I mean, this is the dude who's basically responsible for almost every thing in this world that goes bleep, bloop, and blip. But for whatever reason, I found it unexpectedly and ultimately cool to see him grinning like a total dolt.

        High score, Bob.
        High score.



[Listening to: Prince


Thursday, April 29

Speed on the Sleeve

How can I hear this song without thinking of you?
How can I see the moon and not remember?
How could I ever walk through cookie aisles and not want to touch?

Every time I drive
I raise my eyes to
radio antennaes
searching for...

       Red Skies
       Dragonflies
       Orange cars
       and dove bars


How can I see your blushing smile and ever forget the day we learned to swim?
...how can I forget the things you've said to him?

                You wear your heart on your sleeve
                she said, she said
                but sometimes it beats
                a little too fast
                for me


[Listening to: Zero7


Tuesday, April 27

Cue

I shaved my head again.

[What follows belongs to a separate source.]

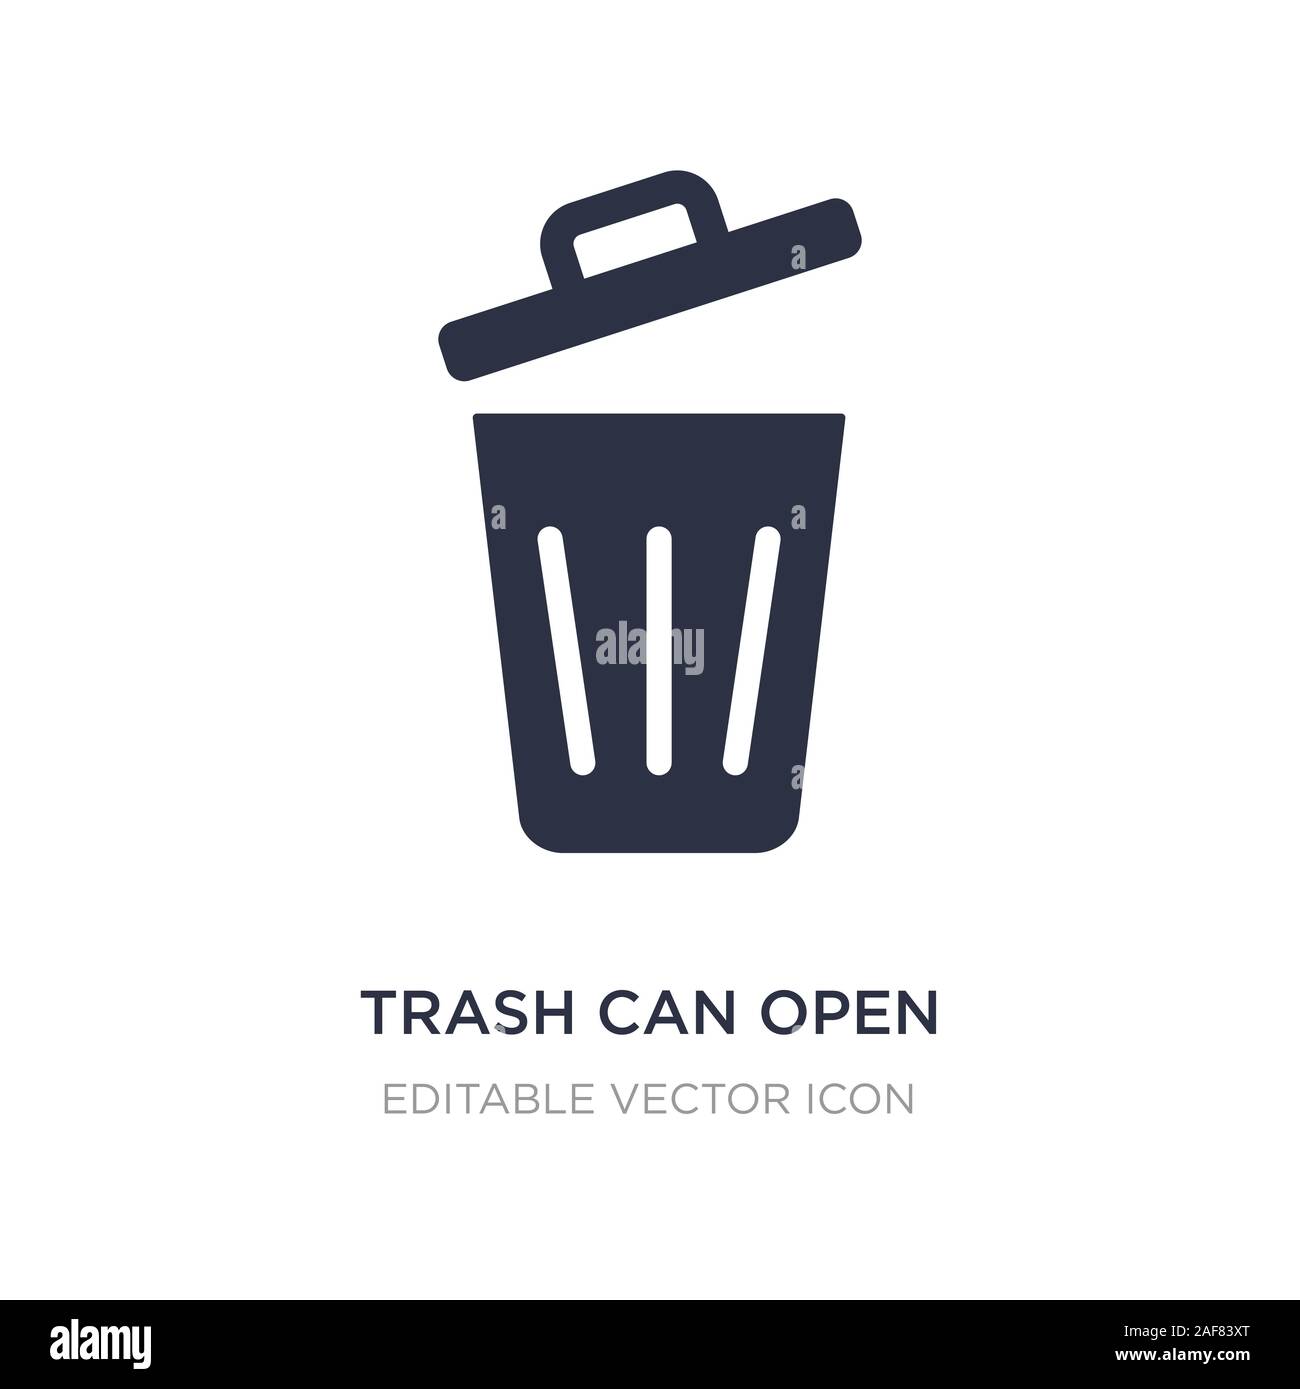 https://c8.alamy.com/comp/2AF83XT/trash-can-open-icon-on-white-background-simple-element-illustration-from-tools-and-utensils-concept-trash-can-open-icon-symbol-design-2AF83XT.jpg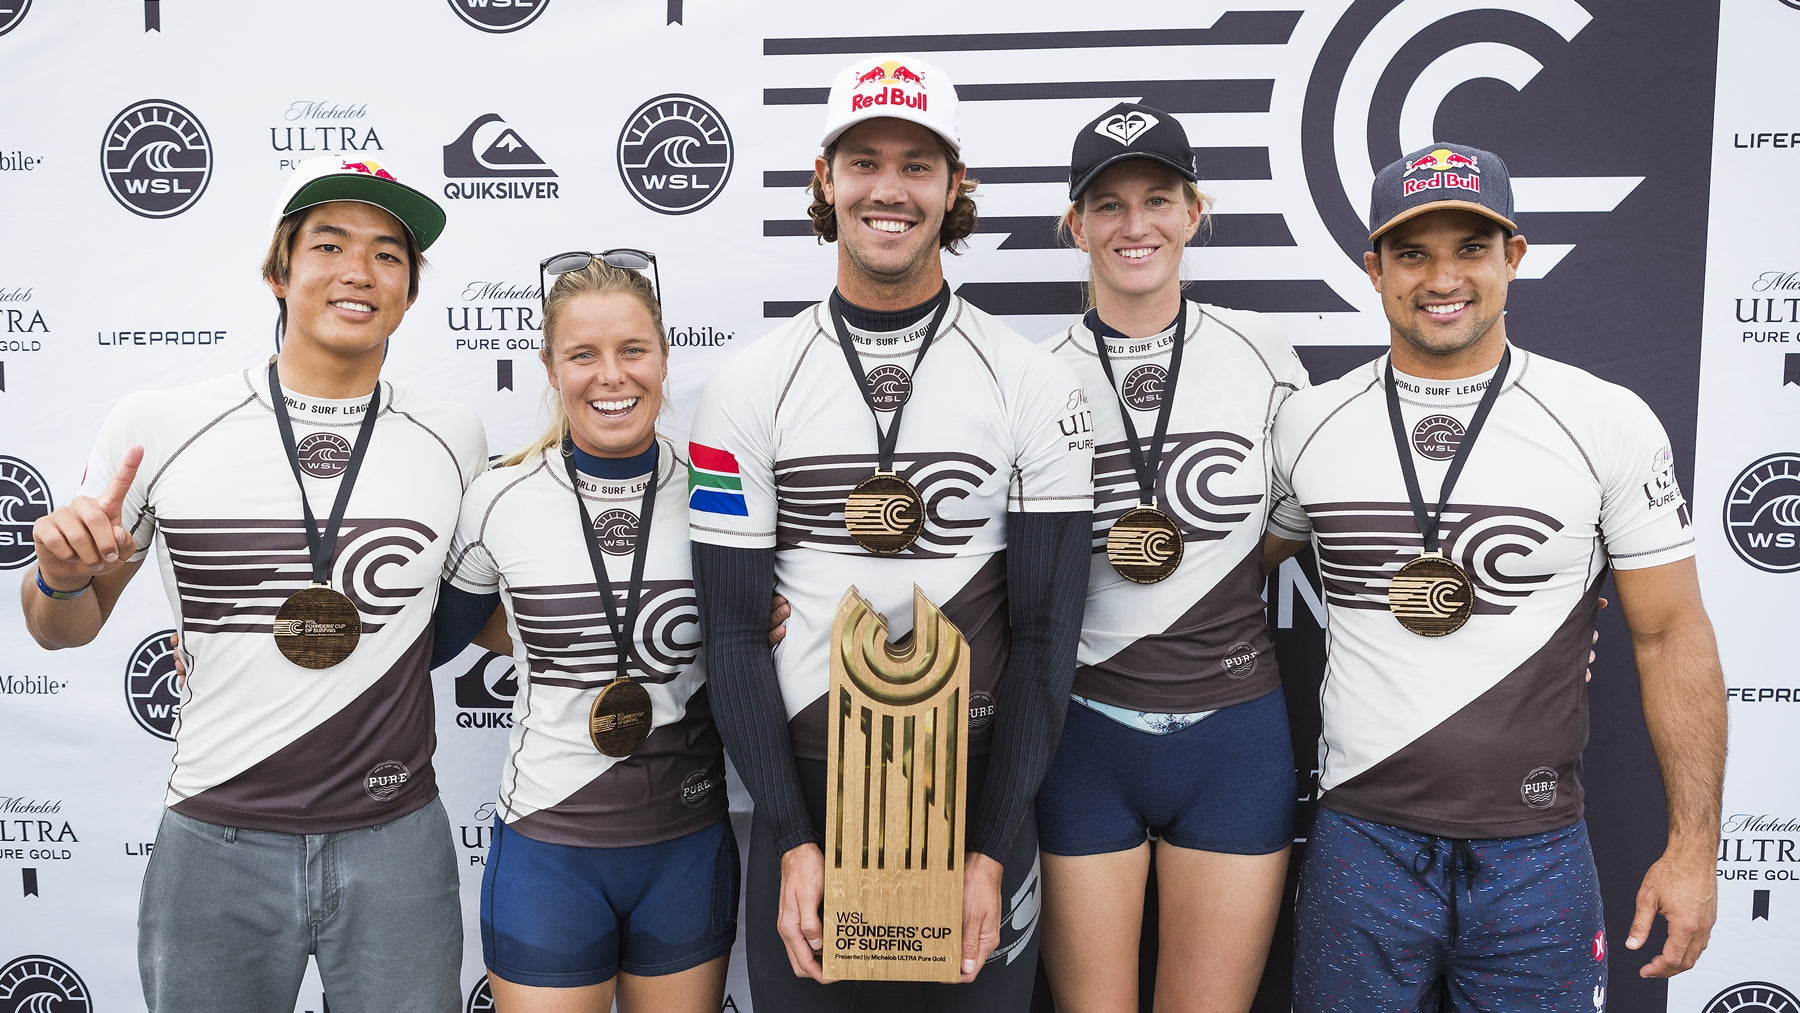 Team World at the Inaugural WSL Founders' Cup. L-R Kanoa Igarashi, Paige Hareb, Jordy Smith, Bianca Buitentag, Michel Bourez

Summer's here, the ocean's been calling, and somehow whenever my hair starts to grow out now, I'm more aware of my bald spot than I should be. So I got out the clippers, plugged in, and didn't look back.

The thing about it is that no matter how many times I cut my hair like this, everything feels different. Shaving your head is rediscovering your skin. The warmth of the sun, the chill of the wind-- It's like I'm more aware of things now, less protected. Perhaps the honesty of the sensation is truly the best thing for me, but it's almost like a reflex to want that buffer there.

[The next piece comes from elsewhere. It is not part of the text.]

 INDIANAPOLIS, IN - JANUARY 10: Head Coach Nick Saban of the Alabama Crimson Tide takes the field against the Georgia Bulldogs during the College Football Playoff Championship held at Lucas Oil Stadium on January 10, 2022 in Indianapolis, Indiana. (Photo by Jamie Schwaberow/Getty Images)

      I feel like I look worse when that halo's attached,
      ...but I still miss it when it's gone, you know?

I don't know, the currents all around me have been so intense lately. Pure highs, hell lows. Nothing filtered by distance, nothing watered down. It's like I've been finally feeling the air directly on my skin for weeks now, ignoring the instinct to cover up and hide. It's been a good thing, I think -- but every true experience is shadowed with every color of the spectrum. You eventually have to decide for real what you'll reflect and what you'll absorb. What's more, once you decide -- the decision is made, and the chances that you can take it back are slim and none.

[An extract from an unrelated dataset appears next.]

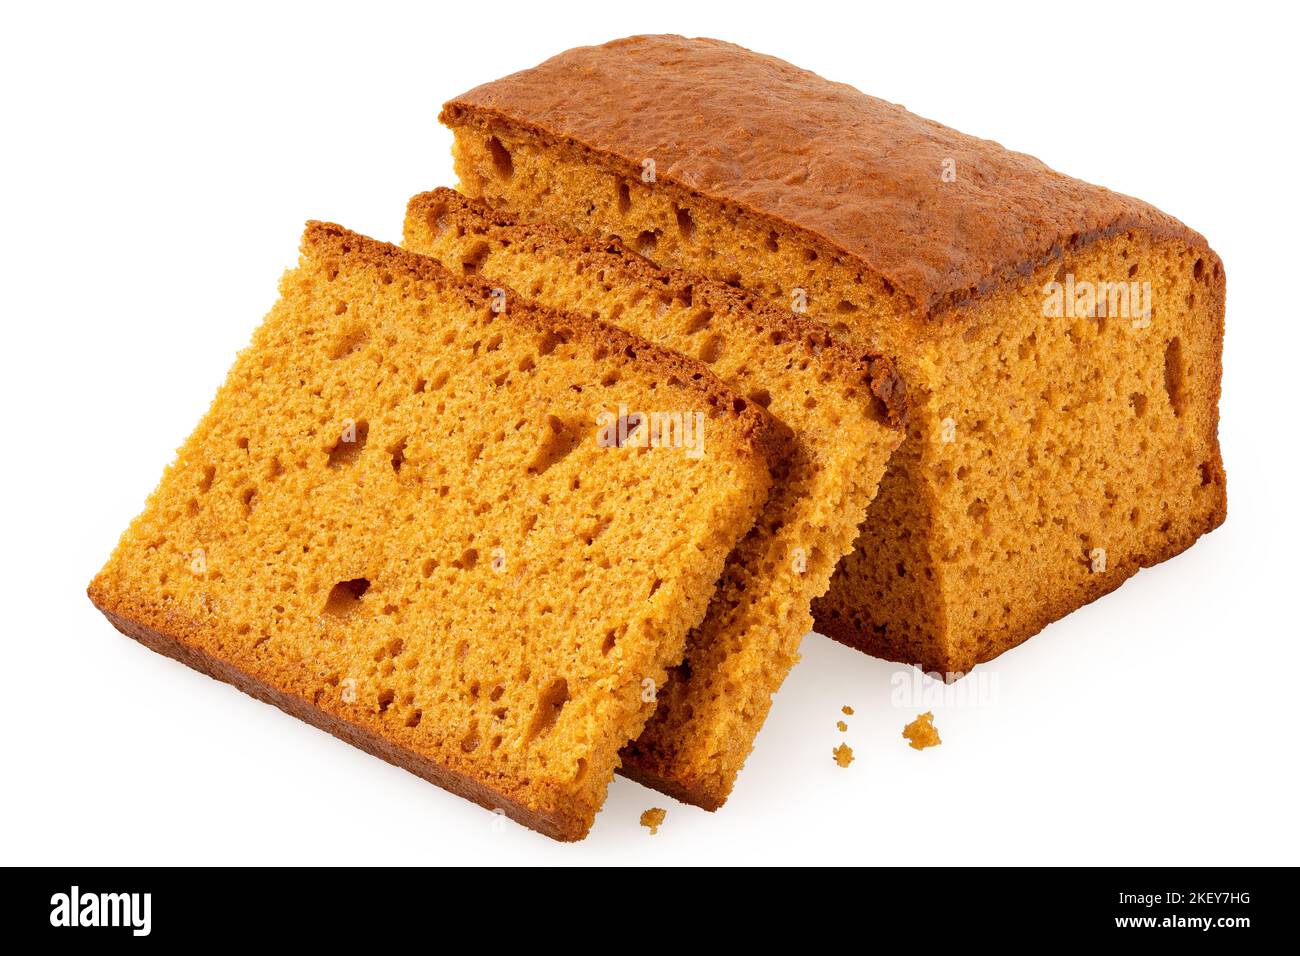 Two slices of spiced honey cake next to a loaf of honey cake isolated on white. Stock Photo

So you have to trust that what you are doing is right thing. You have to trust that you've made the decisions that you need to make.

      Even when the wind is cold against your skin.

[Listening to: Coltrane, "Naima"


Sunday, April 25

Something Sandy Said

Stories one and stories three, your mind runs faster than the speed of thought. No oragami swans left under rising police cars, no Vangelis explanations to hide behind. This is what water feels like when it falls from your cheek, this is what it feels like when the flower that forgets you opens to the sun. Pleasure and pain, sugar and water, mistrust and misunderstand, live to believe with your eyes happily closed.

I make perfect sense, I don't know what the hell I'm talking about
...which is probably why it's so hard to understand me sometimes.

          I'm a dork in shining armor,
          and sometimes I fear that
          I always will be.


But it doesn't mean that I don't care. That I don't feel. That it doesn't hurt.

                    Satyagraha will save us all
                    but it's a blade like any other,
                    ...and it cuts both ways.


[Listening to: Burn Season


Thursday, April 15

Basement Jack

The sun spins away, but it's really you who are turning.
The clothes, the desks, the innocences all seem smaller,
...but it's really you who are growing.

The sensations of time passing, of seasons changing, of the cycles we follow around and around and around..

      Do you feel them?

Every night theres a moon in the sky that makes me think of someone I miss, but it's someone I haven't talked to in months. Every time I hear a certain song, or feel winters chill, or see images that mean only mean something to me, there's a trigger. Sometimes it's a trigger of warmth, a welcome shiverkiss in otherwise cold air.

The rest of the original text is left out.